Dr Mohamed Damak, senior director and financial institutions sector lead at S&P Global Ratings, told a media conference on Thursday that Saudi banks will continue to “grow tremendously” but the sheer size of the funding needed to achieve the kingdom’s goals by the end of the decade is so vast that there is a gap in the market for new lenders.

“We’re seeing more and more interest from the international banks and also the regional banks to go to Saudi Arabia and take part in the different projects and the huge financing needs,” Damak said.

“We see the big banks in the UAE and Qatar trying to develop the businesses.

“The Saudi banks won’t be able to cater to all the needs coming from Saudi Vision 2030.

“Not so much because the banks are not well capitalised or because the banks do not have enough space, but it’s from a liquidity perspective.

“The needs are so huge that you would also need the capital market to help finance this project.” 

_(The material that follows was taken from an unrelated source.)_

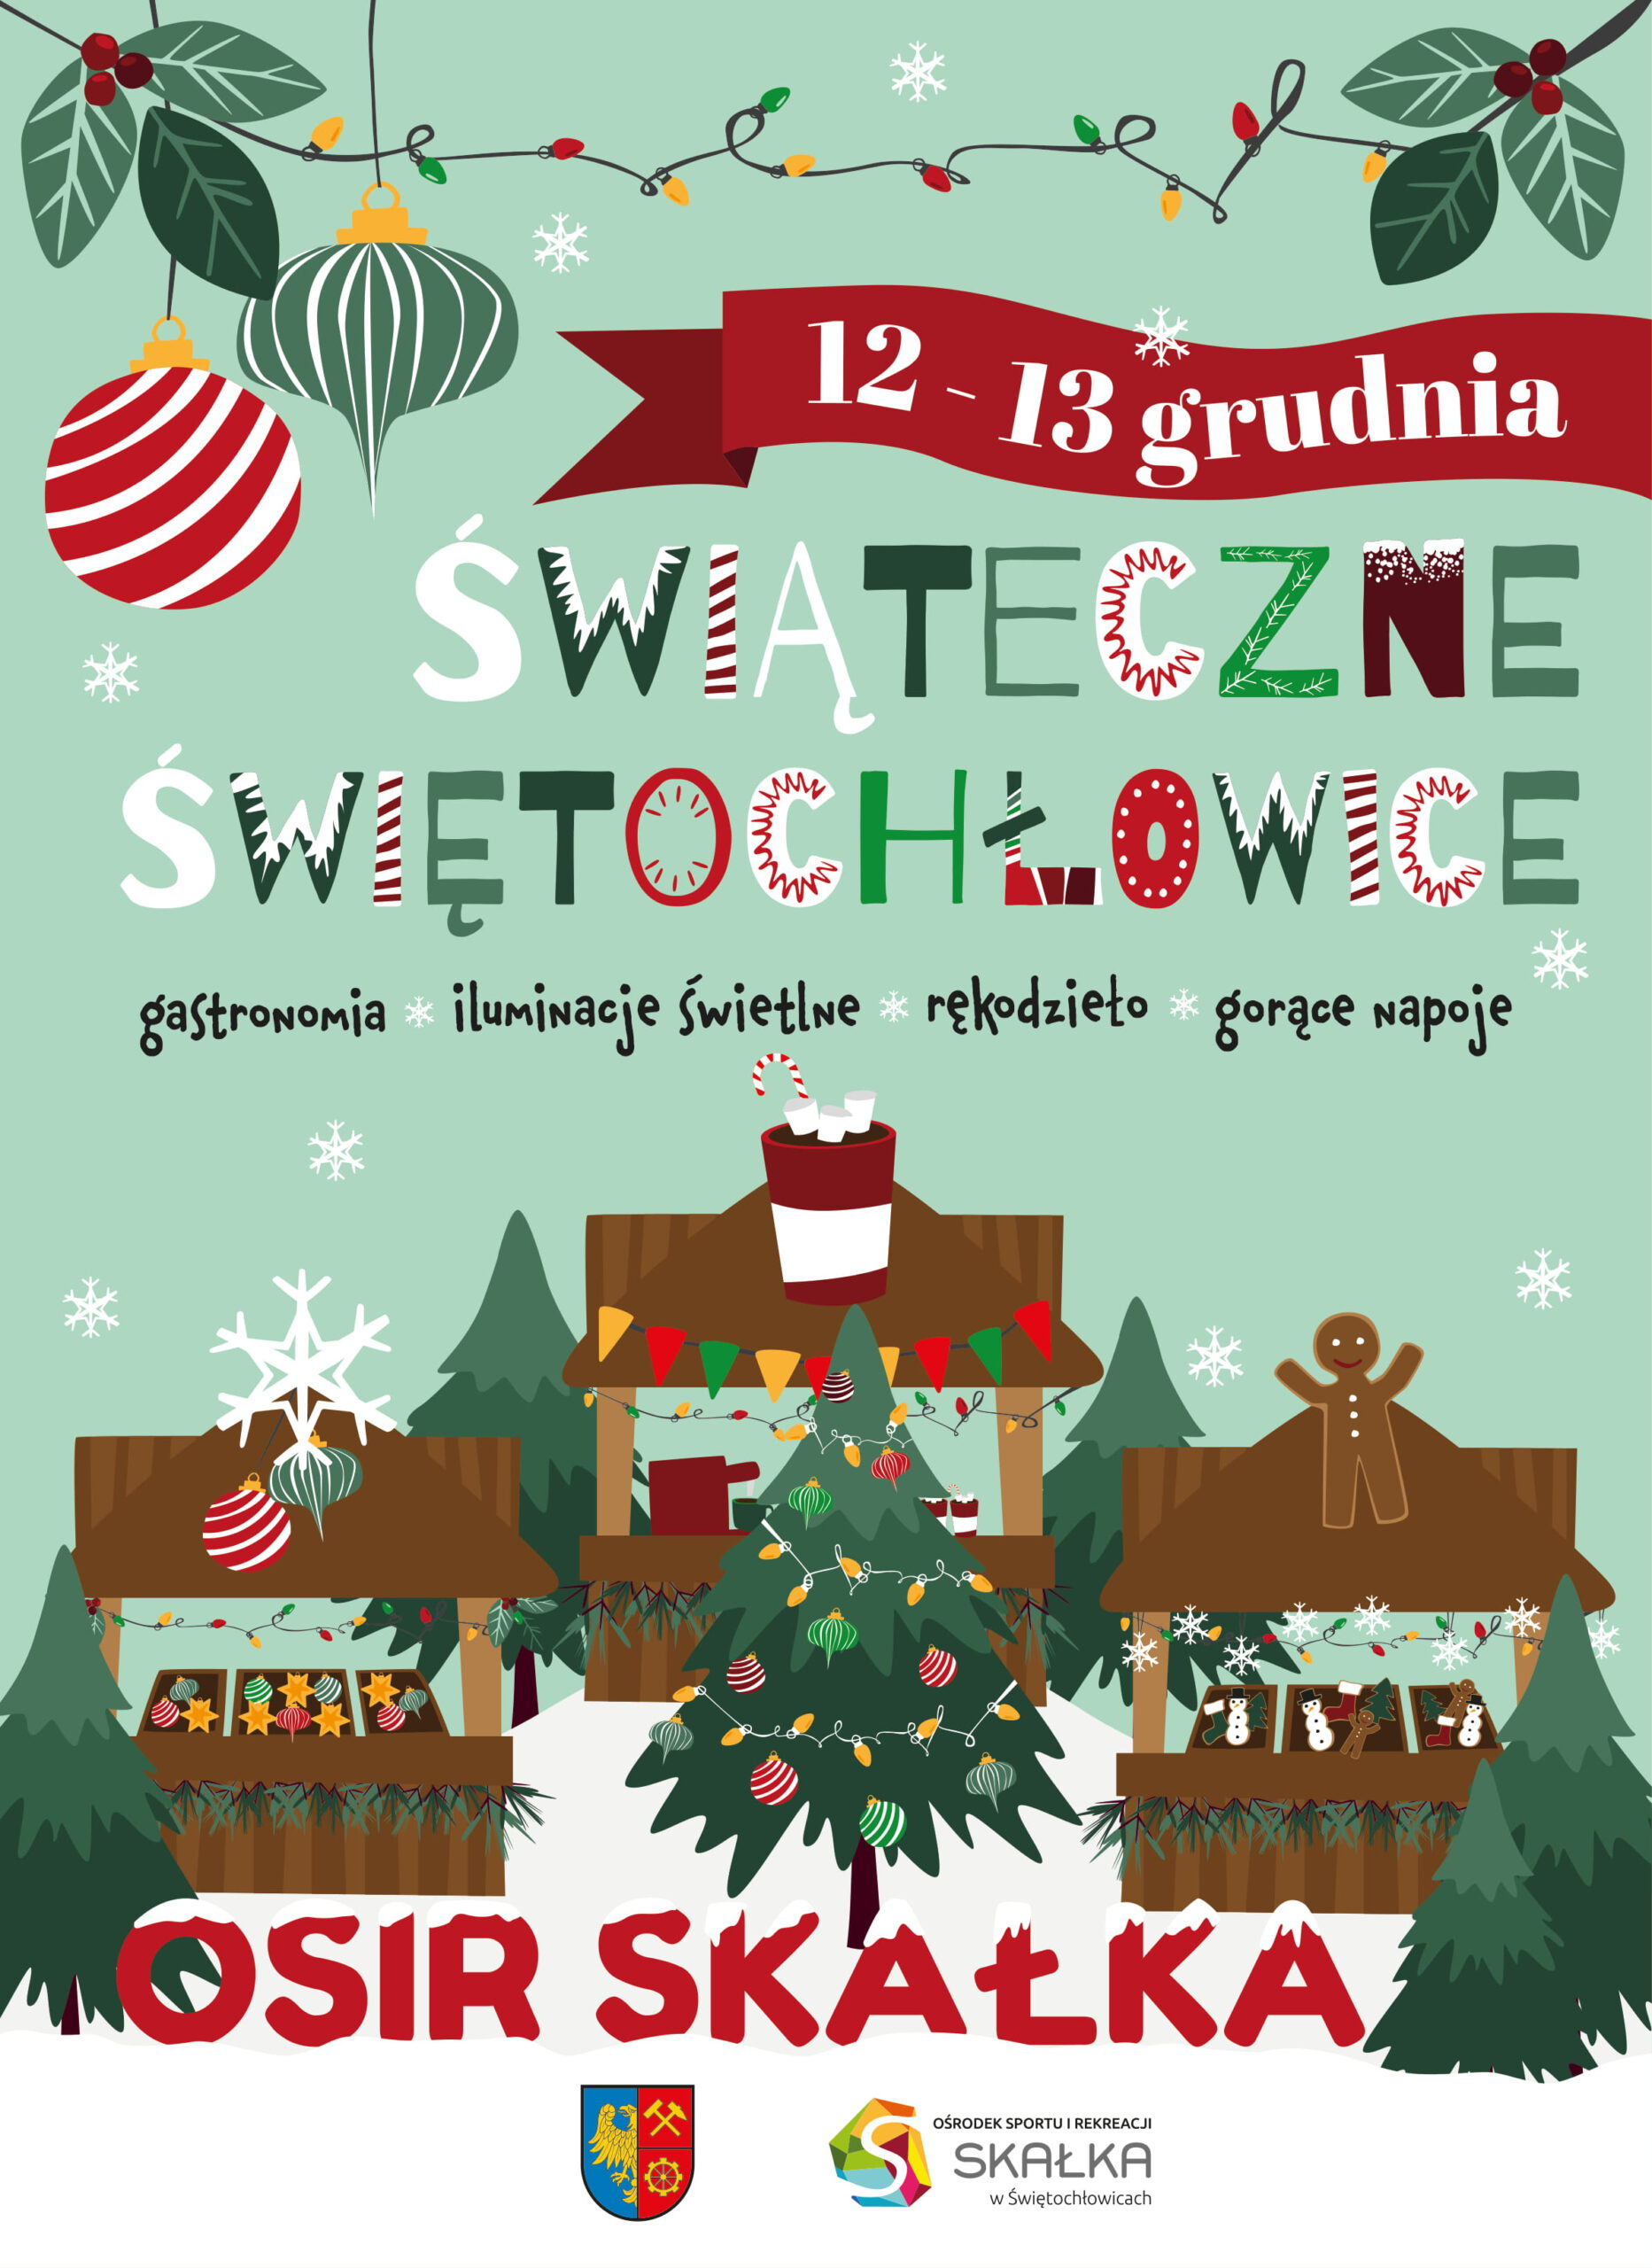 plakat spotkania świątecznego w mieście

Construction activity in Saudi Arabia was the highest in the world in the final quarter of 2022, a new report by the Construction Activity Index of the Royal Institution of Chartered Surveyors reveals.

A combined $110 billion worth of contracts are expected to be awarded in the GCC this year, with Saudi Arabia accounting for more than half of the total. The kingdom makes up $64 billion of the combined value, according to Middle East data provider Meed Projects’ 2023 outlook. 

Real estate consultants Knight Frank described the kingdom as the biggest construction site in the world, with projects valued at over $1.1 trillion under way.

Saudi’s central bank SAMA says there are currently 36 licensed banks in the kingdom plus 11 local, 22 foreign and three digital lenders.

Nine, mainly digital banks but also some from Iraq, China, Egypt and Jordan, have yet to commence operations.

In its most recent Banking Pulse report, professional services firm Alvarez & Marsal found that the top 10 Saudi banks reported a 9.3 percent quarter-on-quarter rise in profits during the third quarter of 2022.

“Overall, rising interest rates, improvement in asset quality and a strong economic rebound are positives for the banking sector in Saudi Arabia,” Asad Ahmed, managing director and head of Middle East financial services at A&M, said.

“The profitability growth is expected to continue for KSA banks as the interest rate outlook remains in an upward trajectory.”